AWS

Amazon Launches Serverless Query Service – Amazon Athena

Amazon Web Services (AWS) has announced a lot of new AWS cloud services. One of the main services among them is ‘Amazon Athena’. It has been verified technically, as a data analysis service while comparing it with similar cloud services.

Athena can analyze data in large volumes and analyzing various types of data files fast, simple, and cheaply. It can withstand one terabyte or more of data. And since data manipulation can be performed with basic SQL command, data analysis can be performed as if operating as a database.
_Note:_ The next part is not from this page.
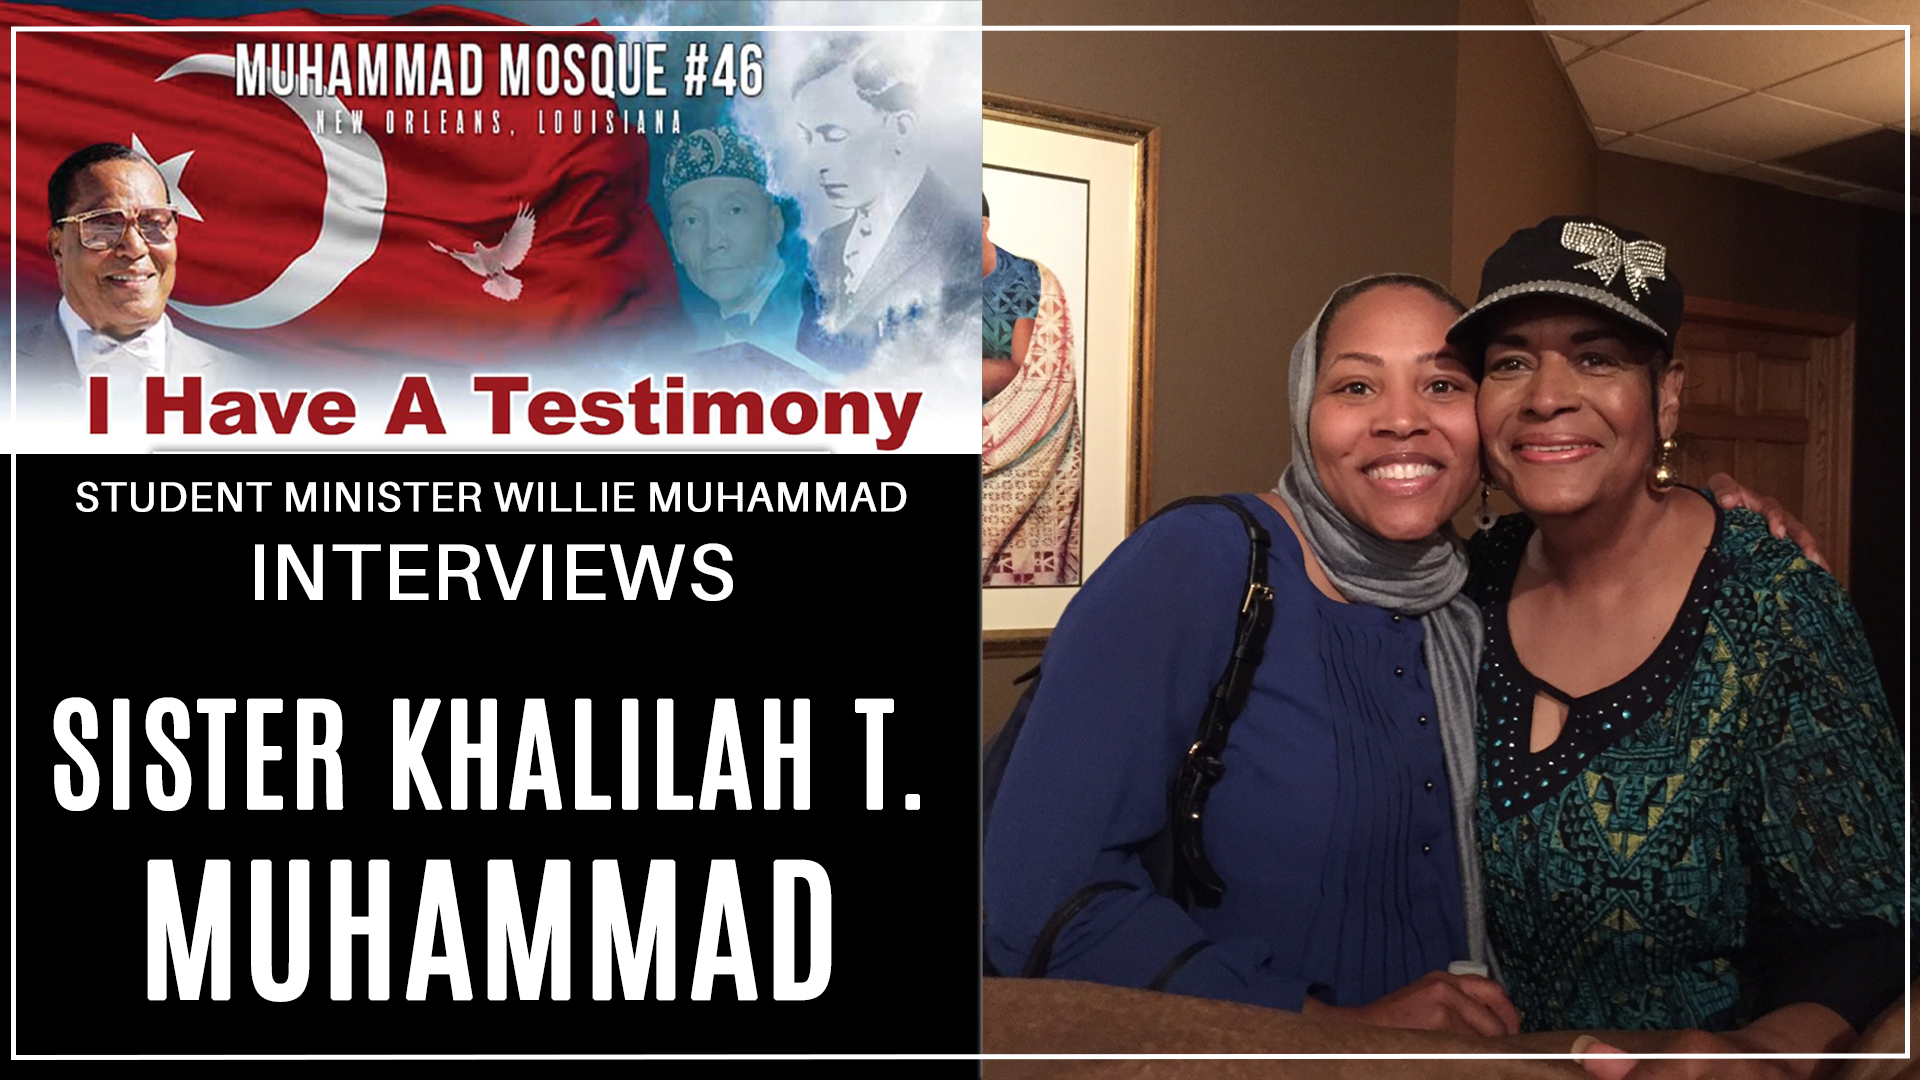 I Have A Testimony: Interview with Sister Khalilah T Muhammad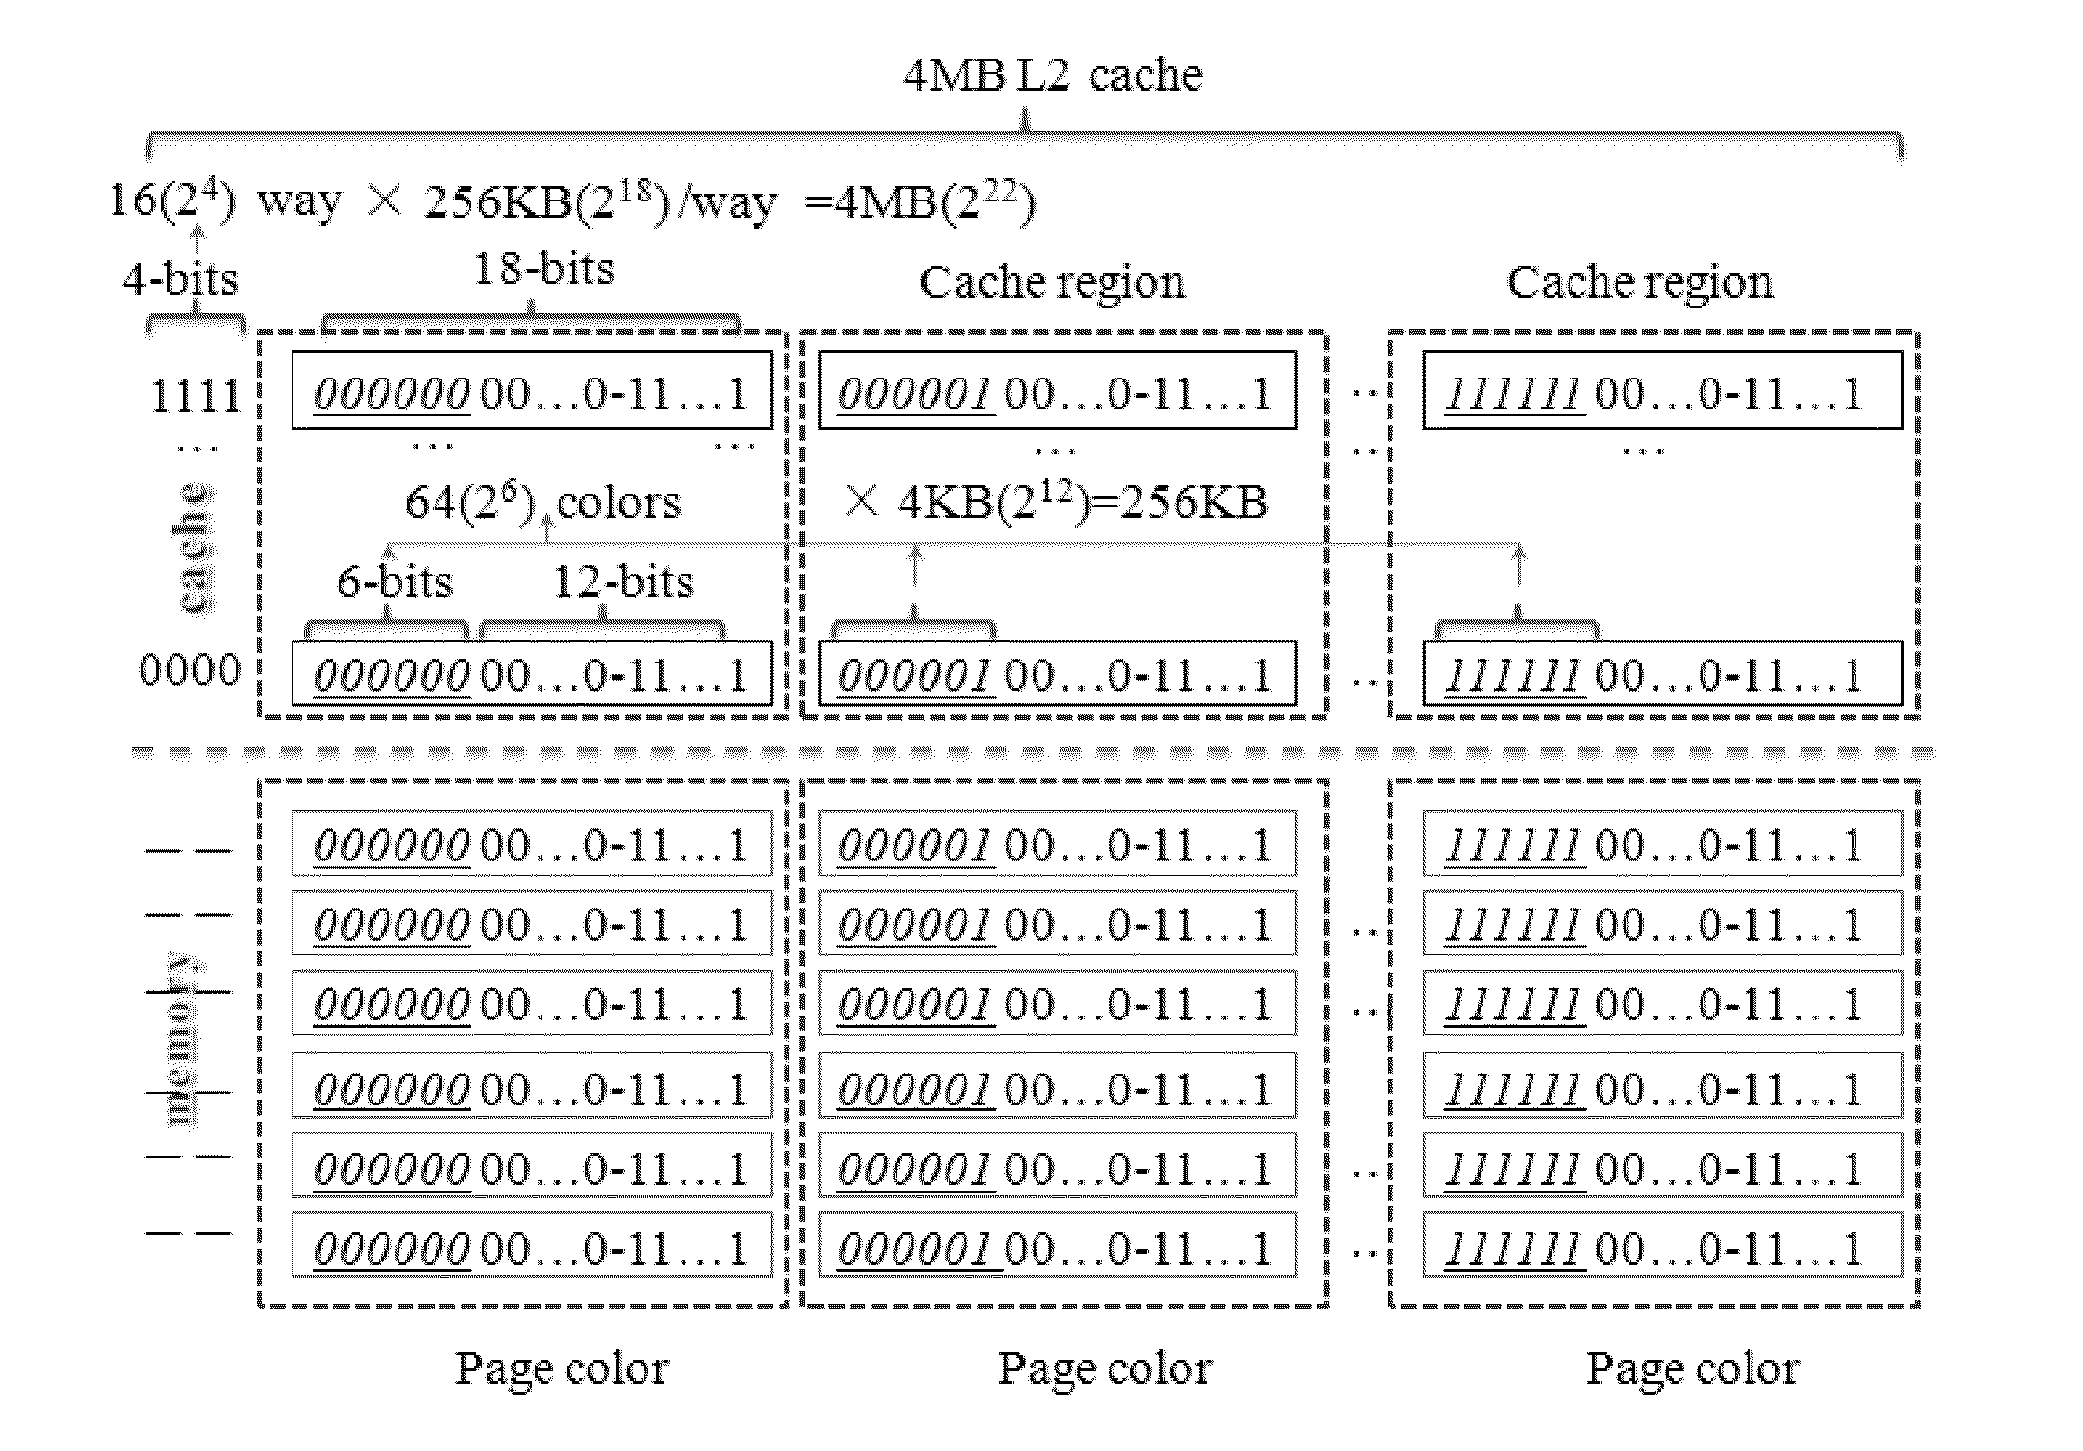 Access Optimization Method for Main Memory Database Based on Page-Coloring

Amazon Athena uses Apache Hive used in big data analysis and creates tables and analyzes data with SQL commands. The Hive table creation SQL command has some quirks, but specialized knowledge is unnecessary because one can generate a basic table creation SQL command statement from a Web browser using the AWS management console. Then, by setting the storage location of S3 cloud storage familiar with AWS and access right by IAM, the environment construction is completed. Therefore, one can use Athena with basic knowledge of AWS and SQL commands.

Also, since the dedicated Athena JDBC environment is distributed in the environment for executing the SQL instruction, it is possible to select any OS, SQL execution tool such as SQL Workbench / J, ETL tool like Talend, Java programming etc. It is possible to manipulate Athena with. However, it is not necessary to acquire new skills never, and most things can be operated with the feeling of using an ordinary database.

When you log in to Amazon Athena, there is a table called elb_logs as sample data. This data seems to be in S3. The queries on this table provide result in few seconds. One can check the past executed queries. You can also check the status and the time spent on the query.

Why Amazon Athena?

1.) Athena helps you analyze unstructured, semi-structured, and structured data stored in Amazon S3. Examples include JSON, CSV or columnar data formats such as Apache ORC and Apache Parquet. You can use Athena to run ad-hoc queries using ANSI SQL without having to aggregate or load the data into Athena.

2.) Athena integrates with the AWS glue data directory, which provides persistent metadata storage for data in Amazon S3.

3.) Athena integrates with Amazon QuickSight for easy data visualization.

4.) Athena generates reports or queries data using business intelligence tools or SQL clients that connect to JDBC or ODBC drivers.

5.) Create named queries using AWS CloudFormation and run them in Athena.

 

Table Definition & Query Execution

In order to execute queries using Athena, it is necessary to set table and column definitions in advance. One can set the table definition either in the Catalog Manager on the administration screen or by executing the SQL Create External Table statement.

The corresponding file format is as follows.

  • Apache WebLogs
  • CSV
  • TSV
  • TEXT (Custom Delimiter)
  • Parquet
  • ORC
  • JSON

Full Serverless Managed

Athena’s feature is fully managed at all costs. Until now AWS’s big data processing service was EMR, Redshift etc, but since it is the instance-owned type, the labor and cost of operation have never been low. At Amazon Athena, you will be charged on a per-query basis, so you can execute the query at any time and pay only for the amount you used. Inside of Athena Presto is used and queries formats and so on are mostly in Presto, so users presto using EMR are likely to be able to move to Athena relatively easily.

Conclusion

Although it is an AWS that surpasses the serverless architecture such as API Gateway and Lambda, in machine learning and big data processing, It is felt that Google, which has the overwhelming ability of BigQuery processing power, seems to be somewhat lacking.